In the records below, begin at the line containing "William and Mary Gate Leg Table" and end at the line containing "Home with brick"; quote every line in that span exactly, including both boundary lines, and no others.

### Records shown
*** Block opens ***
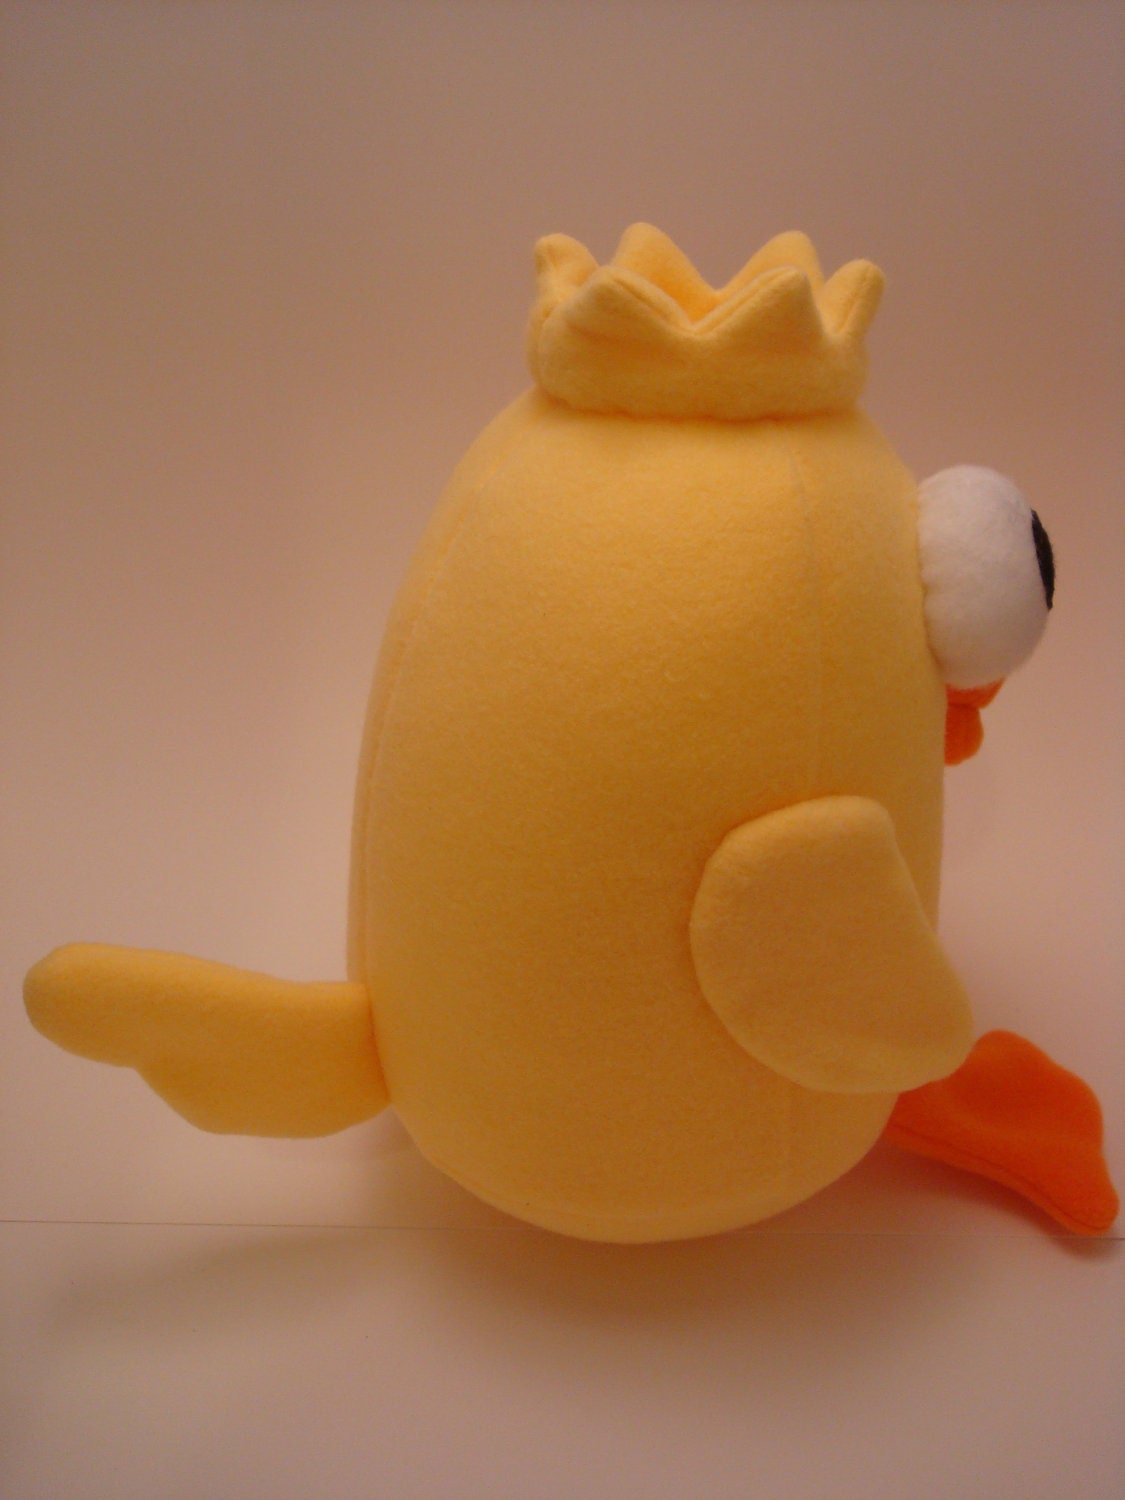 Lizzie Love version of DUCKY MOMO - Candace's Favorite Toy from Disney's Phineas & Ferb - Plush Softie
*** Block closes ***
*** Block opens ***
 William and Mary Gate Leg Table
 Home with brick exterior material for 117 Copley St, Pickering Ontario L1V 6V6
*** Block closes ***
### Solution for this exercise
 William and Mary Gate Leg Table
 Home with brick exterior material for 117 Copley St, Pickering Ontario L1V 6V6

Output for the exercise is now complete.